You may have been caring for your Grandpa for a while now but do you have legal authority to do so? He needs to assign you as his PoA before his cognitive condition declines further. Please update us as to whether you are his PoA or not, because if not there are important things we can tell you here.
Also, if he has any memory issues he may not be taking his 23 pills correctly. Even if you administer them to him, if you are leaving the bottles there where he can access them, he may be taking more when you're not there. I would not assume he's taking them correctly if he's been doing it all along.
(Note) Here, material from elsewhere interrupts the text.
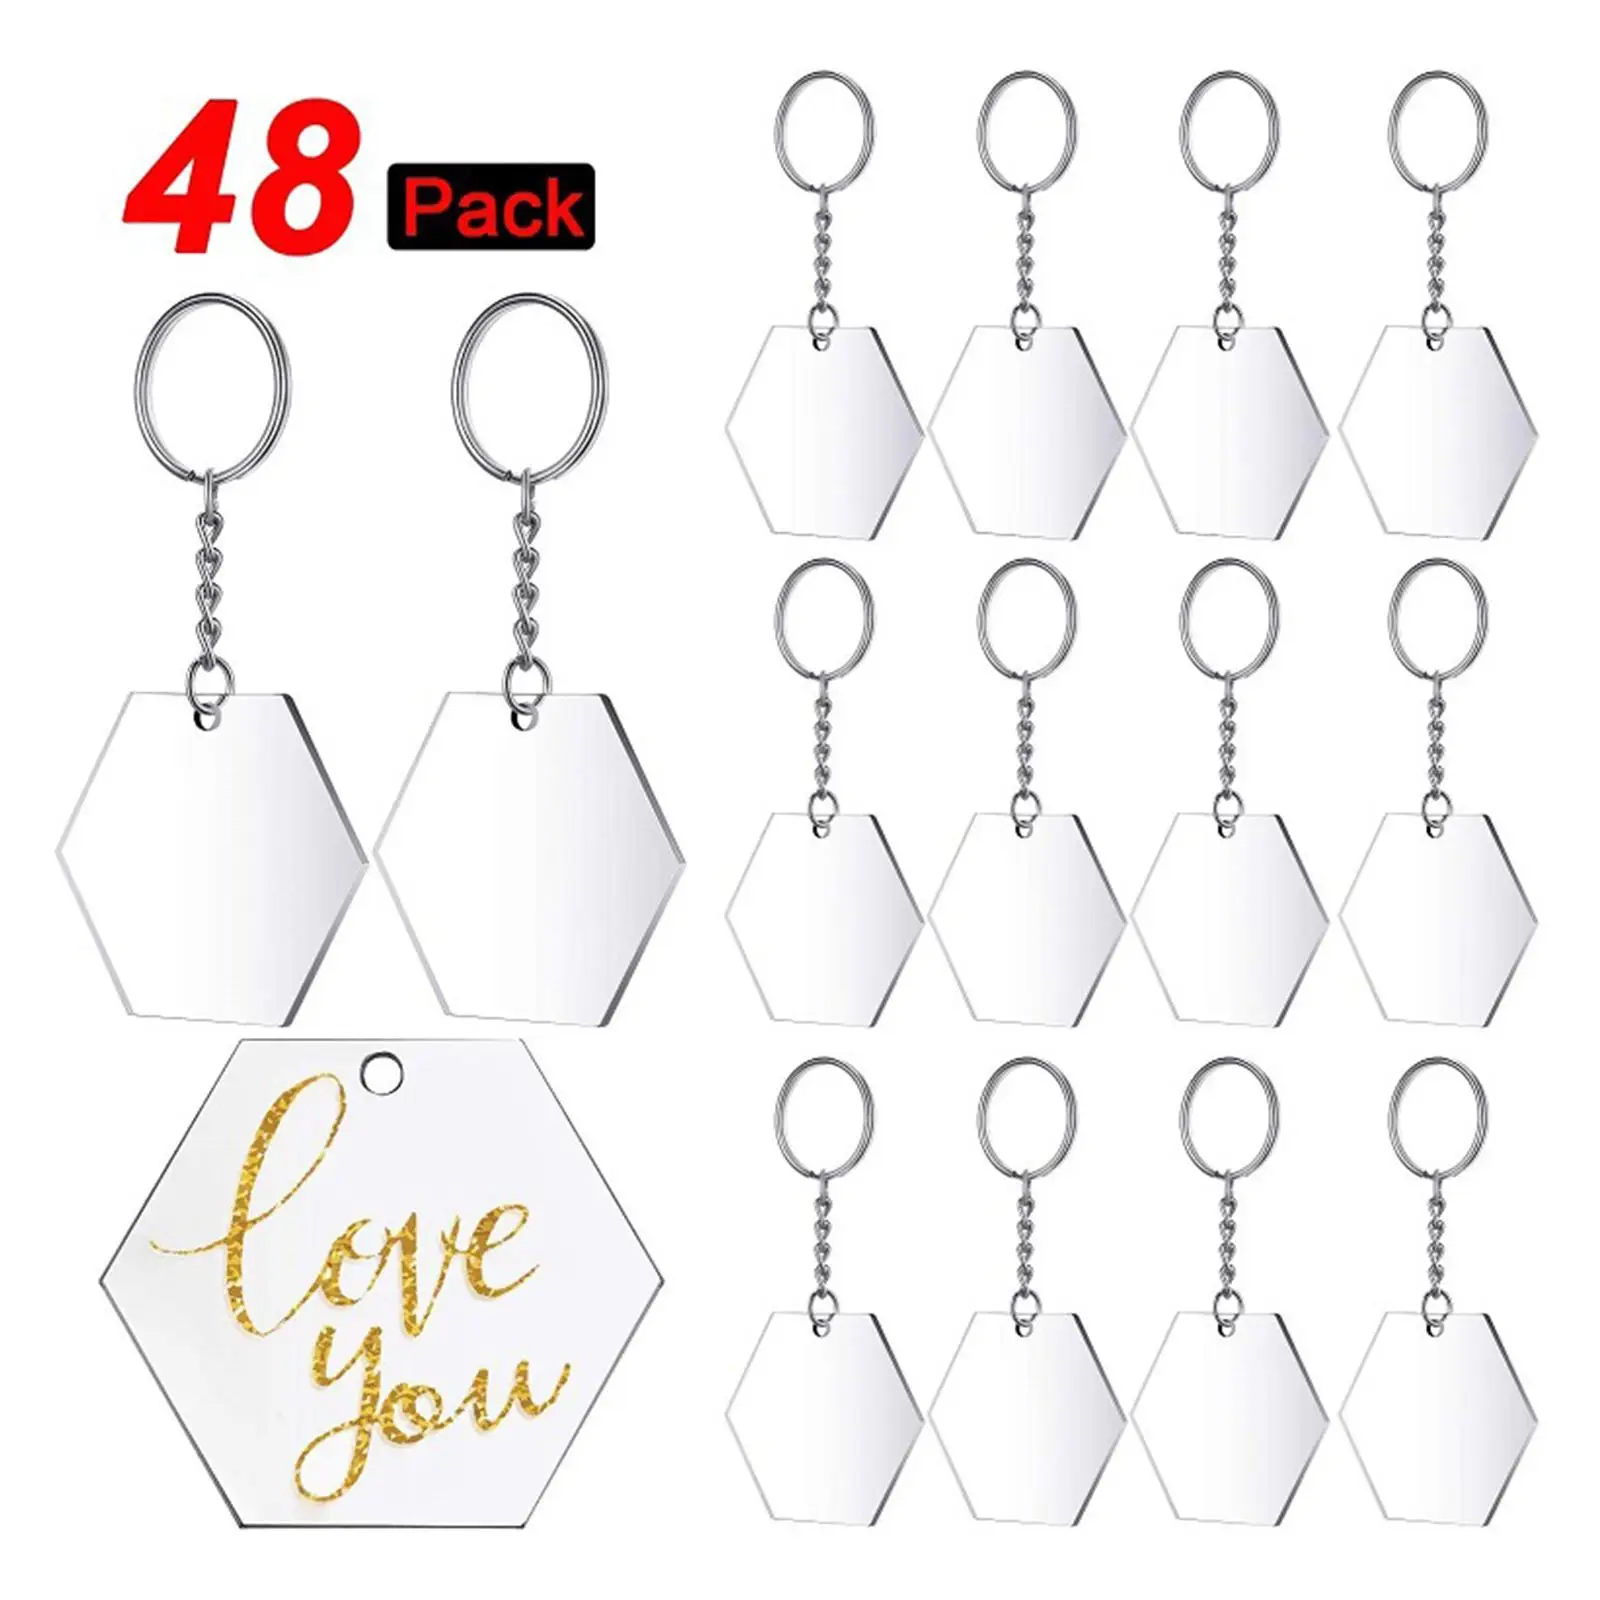 24 Sets Acrylic Keychain , Transparent Hexagon Pendant Chains and Keychain Pendant for DIY Key Rings

When you take him to his doctor be sure to ask for the HIPAA form for Medical Representative. Write in your name as his MR and have him sign it. This allows his medical team at that clinic to legally be able to discuss your Grandpa's private medical information with you without him present or with his expressed permission. This is not the same as a MPoA. This form needs to be filled out at every doctor he sees, it's not a blanket form even within a network of clinics.
Does your Grandpa still drive? How old is he? Does he speak English?
https://www.agingcare.com/topics/169/urinary-tract-infection-uti
Could be UTI as mentioned, but if over 6 months, may be other causes eg New medications? Brain changes?
Does he know these visions are not real? Do they upset him?
Even if he knows they are not real, if they are upsetting it is a big concern. I would be especially worried about him fleeing his home in the night in fear.
It may be too hard for him to phone you when distressed at night..? Does he have a falls/emergency alarm to press?